I followed the instructions in the link at the bottom of most of the clusterfuzz automated comments on this bug, such as #10: https://dev.chromium.org/Home/chromium-security/bugs/reproducing-clusterfuzz-bugs, and go/clusterfuzz-repro which it links to. I did have some setup issues, but was able to debug them and get the script running. Even if the issue is with the tools and not with the test case being flaky, having this sit around with Needs-Feedback on it seems unlikely to get that solved.

Also, in case anyone wants a list of all the crashes associated with this bug, they're at https://cluster-fuzz.appspot.com/v2/testcases?q=group%3A6053635872260096.

What's the name of the actual target one has to run the fuzz input on?  None of those strings are actual target names, as far as I can tell.

As far as I can tell, this fuzzer is generating layout tests and running them in content_shell built with particular args. I found it easiest to use the method where you download the exact build the test ran with rather than trying to build it myself.

Network triager here, marking this available. Seems like a valid bug without a clear owner. Feel free to undo this if I'm wrong.

SGTM.  Not sure we can make forward progress here without more input from the fuzzer team (Being able to build and run the test gives a lot more tools at one's disposal than just having pre-built binaries that repro the issue).

ClusterFuzz has detected this issue as fixed in range 458506:458585.

Detailed report: https://clusterfuzz.com/testcase?key=4815173540118528

Fuzzer: ochang_domfuzzer
Job Type: linux_asan_content_shell_drt
Platform Id: linux

Crash Type: CHECK failure
Crash Address: 
Crash State:
  false. Leaked 1 URLRequest(s). First URL: https://www.mydomain.com/path/ in url_
  net::URLRequestContext::AssertNoURLRequests
  net::URLRequestContext::~URLRequestContext
  
Sanitizer: address (ASAN)

Regressed: https://clusterfuzz.com/revisions?job=linux_asan_content_shell_drt&range=407779:407803
Fixed: https://clusterfuzz.com/revisions?job=linux_asan_content_shell_drt&range=458506:458585

Reproducer Testcase: https://clusterfuzz.com/download/AMIfv94nXKXAvOJwGEmXtOD2lJKp-Oj6v7LbqpVsiNov4Hmex9x-lVHj9YZgpBNgV7nW_WDurVeBLwn1IZokP_dgUwxnjAkHpyAAoN-hyNkj-avLk7aj7VyMcPFmSum-1xzpu2fEg5zm9pXlYhPOn_rZpXi9PZhUmqg4xILPcFbwxtSTcFEEZcxCwrEqeIXR3y5ucdrv0yQvnNmWIkokx1e7pVdoyUGsWUNtUeflfgDYSSYHXO-pd3xwnhh_cLo_724O9RxuZdH4gbZ42SMUoHViuV6tr1YNj8O5AVzswJws4qICgnkmFpvzLw1sTsiY-5iE9udfQ2ZSkGE17iKrkcYTFZCMioms7dfzDpQVPjRVh4jYZcdvKsB65iA86cJUiekxCY_YXgRcFSeoibwsYeYf9sCzaHI3kQ?testcase_id=4815173540118528


See https://dev.chromium.org/Home/chromium-security/bugs/reproducing-clusterfuzz-bugs for more information.
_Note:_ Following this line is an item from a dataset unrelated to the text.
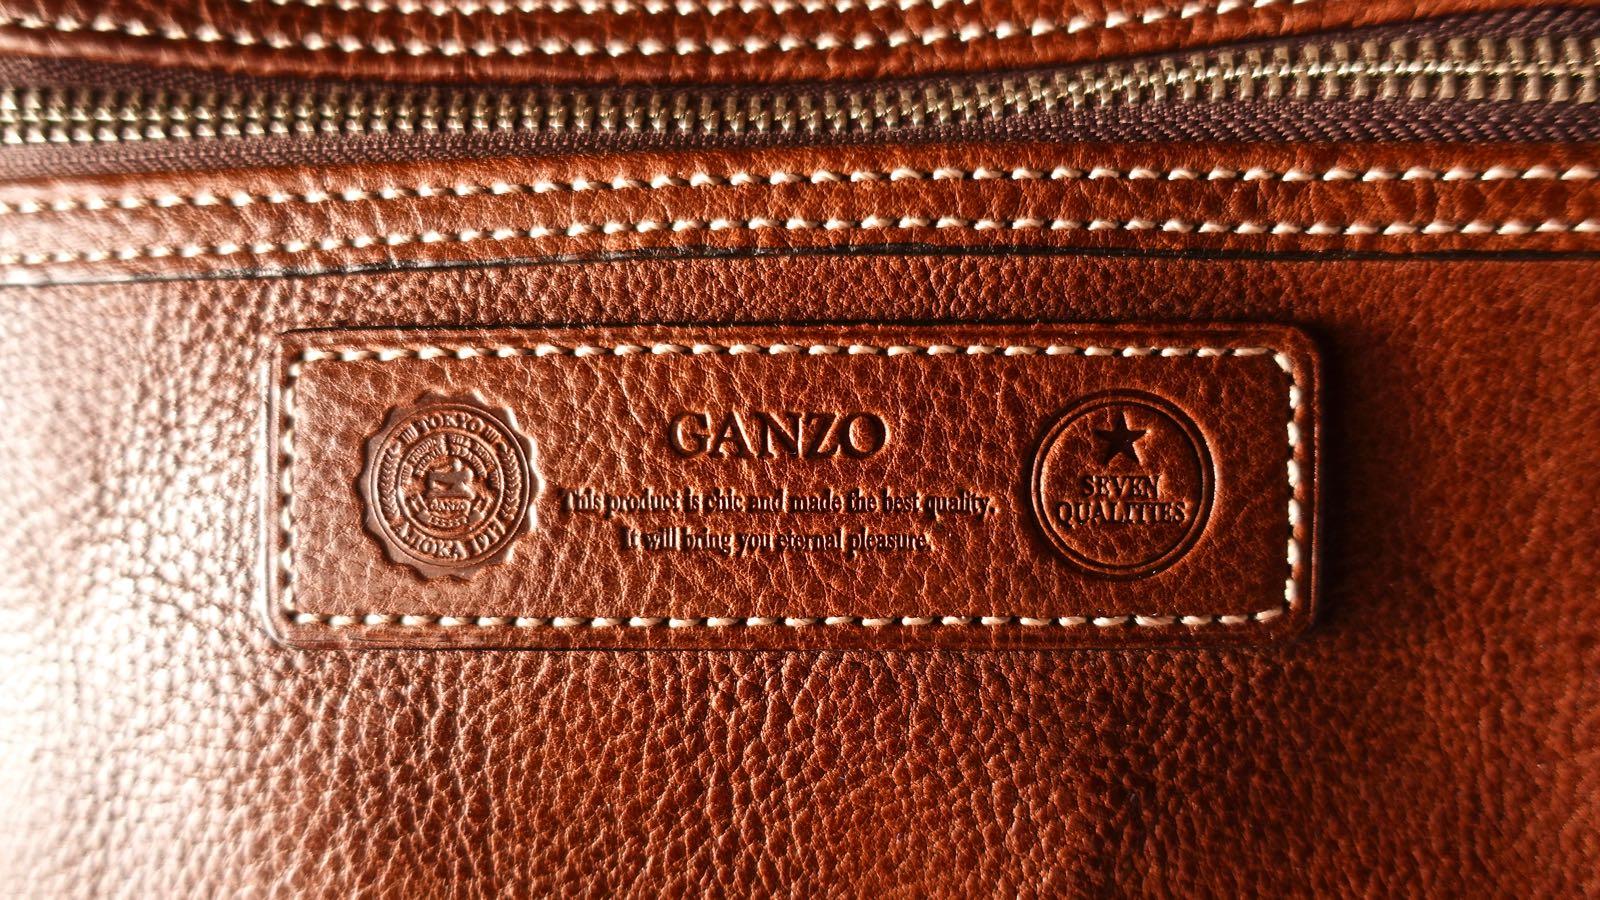 0047 Ganzo Seven Quality Navigator Back 03

If you suspect that the result above is incorrect, try re-doing that job on the test case report page.

ClusterFuzz has detected this issue as fixed in range 458506:458585.

Detailed report: https://clusterfuzz.com/testcase?key=5840748551602176

Fuzzer: ochang_domfuzzer
Job Type: linux_asan_content_shell_drt
Platform Id: linux

Crash Type: CHECK failure
Crash Address: 
Crash State:
  false. Leaked 1 URLRequest(s). First URL: https://www.mydomain.com/?key=value in
  net::URLRequestContext::AssertNoURLRequests
  net::URLRequestContext::~URLRequestContext
  
Sanitizer: address (ASAN)

Regressed: https://clusterfuzz.com/revisions?job=linux_asan_content_shell_drt&range=413421:413430
Fixed: https://clusterfuzz.com/revisions?job=linux_asan_content_shell_drt&range=458506:458585

Reproducer Testcase: https://clusterfuzz.com/download/AMIfv96sxQT4VL_48YB7S5uZ_QYHFL2_CcHfMTqOm7iC4oVcl19_98ciSNVZ4rlh9hie6POUrB2uCr5xeS9ugMG4VRLFBw8ubAqbjaZ2K278U75rB7E9jpV295D5rb1Y8LWyHJwjDsxh1kZP71wIKLuSOCje6zOJi_5ECed5tyatuFUmgzxaVOJQWbkkCSJemVZo256ZJAtUqEqmFNniO5rS93AZtjX2G6ha4AtxdnD_xXeRvFwlS01yFD6FdbNbeESmhlSkBLTavSYpS5PnZjshjqlaMuM08zSD2l37j9jolexX4luFOcXk9dIVmi6K6UkgKriTbKlNnlemHbAE0NQr13KTaMwMSi76T0S2KdpMYsJKUjptPuWkYb9ja8v3LZz67BsMOeo1AbMT2QmzGzmVapiE0ynLBQ?testcase_id=5840748551602176


See https://dev.chromium.org/Home/chromium-security/bugs/reproducing-clusterfuzz-bugs for more information.

If you suspect that the result above is incorrect, try re-doing that job on the test case report page.

We have made a bunch of changes on ClusterFuzz side, so resetting ClusterFuzz-Wrong label.

Testcases associated with wrong issue, closing.